The venue of the second G20 Sherpas meeting in Kumarakom, Kerala, recently has attracted the attention of delegates and policymakers alike. Apart from the scenic beauty of the backwaters, the site showed how eco-friendly and sustainable construction that generates lesser waste is possible. KTDC Waterscapes, the main venue of the event, was transformed into a cradle of nature where art and craft fused into an architectural splendour.

The structures were carried out by Kerala Arts and Craft Village in association with Uralungal Labour Contract Cooperative Society (ULCCS). The uniqueness of the construction was the sustainability of the structural design and the materials used. All the structures at the venue were built using natural materials.

The initiative was the brainchild of V Vighneswari IAS, MD, Kerala Tourism Development Corporation (KTDC). Amitabh Kant, former CEO of NITI Aayog and at present, the G20 Sherpa of India during its presidency year, was also particular about making the venue eco-friendly and sustainable in every possible way.

The construction

The wall-panelling of the convention centre and pavilions were done with cane, wood and reeds. A woolen material was used in between the layers of the natural walls of the auditorium to make it acoustic. "Weaved cane employing CNC cutting was used to beautify the interiors. While the false ceiling was made with bamboo, mural paintings were used to adorn the walls," said Sreeprasad, CEO, Kerala Arts and Crafts Village. "If the construction was carried out using concrete and gypsum boards, as is usually done for such structures, the expenses would have ballooned and would have created the heap of waste by the time the event got over," Sreeprasad said, adding that the structures were erected using treated materials. That means the dismantled structure can be reused in the future for similar events.

The interiors

During discussions on the convention centre with ULCCS, KTDC had two major demands. One, the backwaters must be visible from the venue and two, the construction must be ecologically sustainable.

“And we toed the line exactly following the State Wetland Authority Kerala's (SWAK) directive that prevents any construction within 50 metres of backwaters coast," Ajaz Fazal, the project architect with the ULCCS who designed the convention centre said.

“The interiors were not in the scheme of things initially. We undertook the task only by early February. The PEB (or pre-engineered building) structures were erected fast and the beautification programme followed swiftly. It was carried out by 'Uravu' based in Wayanad," he said.

While Ajaz designed the basic pattern of the interiors, the task was carried out under the supervision of Arjun Prashant of Kerala Arts and Craft Village, Vellar. Six magnificent mural paintings by Biju Azhikode adorned the walls.

Time, cost and ambiance

Had the layout and construction of the venue followed conventional methods, it would have taken at least six months to complete. But at Kumarakom, a big team of engineers, artisans and workers finished the 10,000-sqft conference hall within 100 days.
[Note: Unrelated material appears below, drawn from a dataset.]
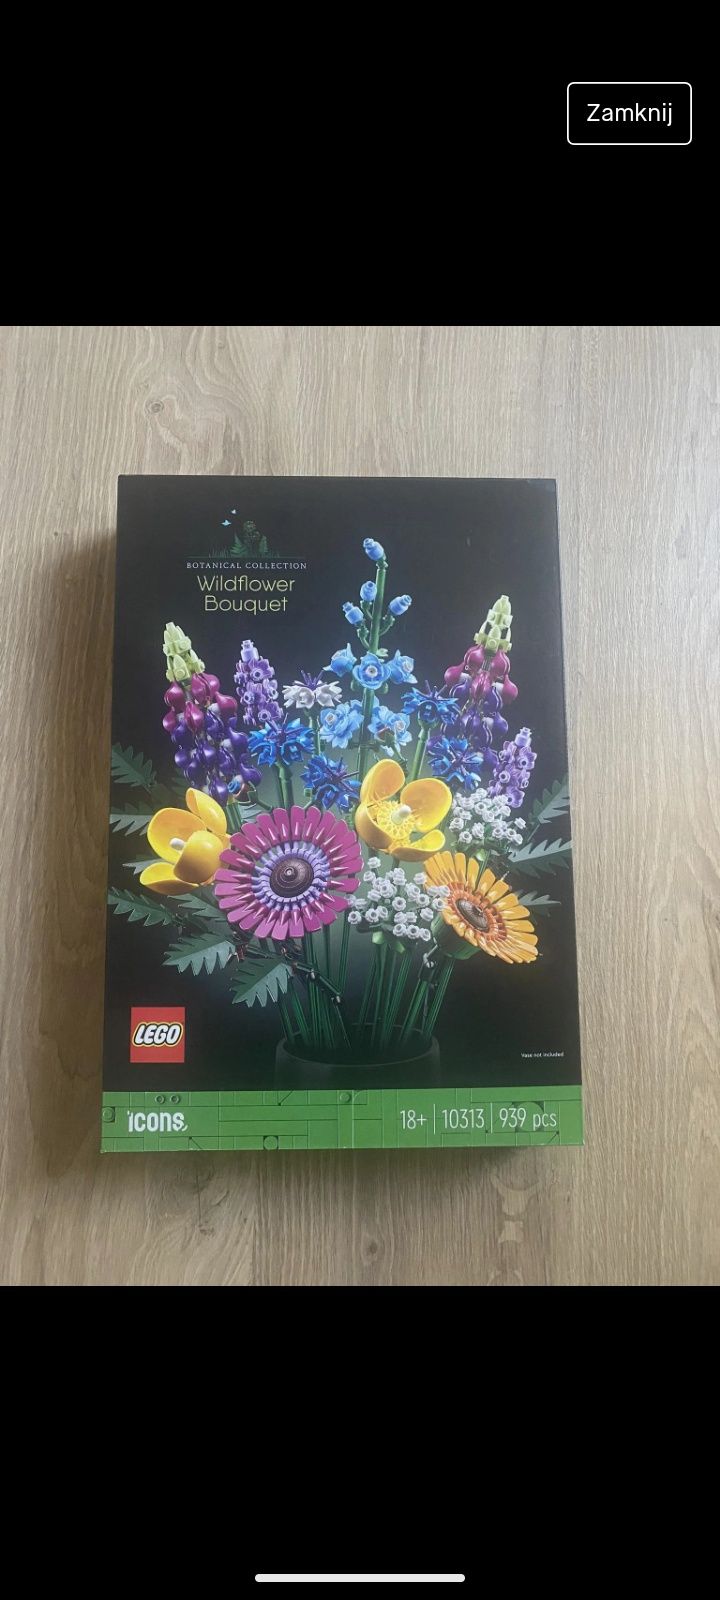 Lego kwiaty bukiet wildflower bouquet zestaw nowy botanical collection

Also, at a much lower cost.

With innumerable artwork embellishing the structures, the venue turned out to be a haven of fascinating artistry. "The location is sure to develop as a wedding destination in the days to come,” said Sreeprasad.

Since the cost of construction was reduced manifold, the fund for beautifying the venue could be used to provide work to cane and wood artisans and mural artists. It was a respite to several craftsmen who, despite their matchless skills and talent, remain largely unnoticed and underpaid.

The Sherpas meeting

The first Sherpa Meeting of India’s G20 Presidency was held in December 2022, in Udaipur Rajasthan. Kumarakom hosted the second meeting. The four-day gathering of over 120 delegates from G20 members, nine invitee countries, and various international and regional organisations held multilateral discussions on G20’s economic and developmental priorities and addressed contemporary global challenges.

The deliberations of the Sherpa Meetings will take forward the outcomes of various meetings and will form the basis of the Leaders’ Declaration, slated to be adopted at the final G20 Summit to be held in September 2023.

A sherpa is the representative of a head of state or government who makes preparations for an international summit. Several agreements are laid out at the Sherpa summits so that the amount of time and resources are reduced at the final summit involving heads of states.

Etymologically, the term Sherpa is derived from the name of a Nepalese clan of the same name who serve as guides in the Himalayas.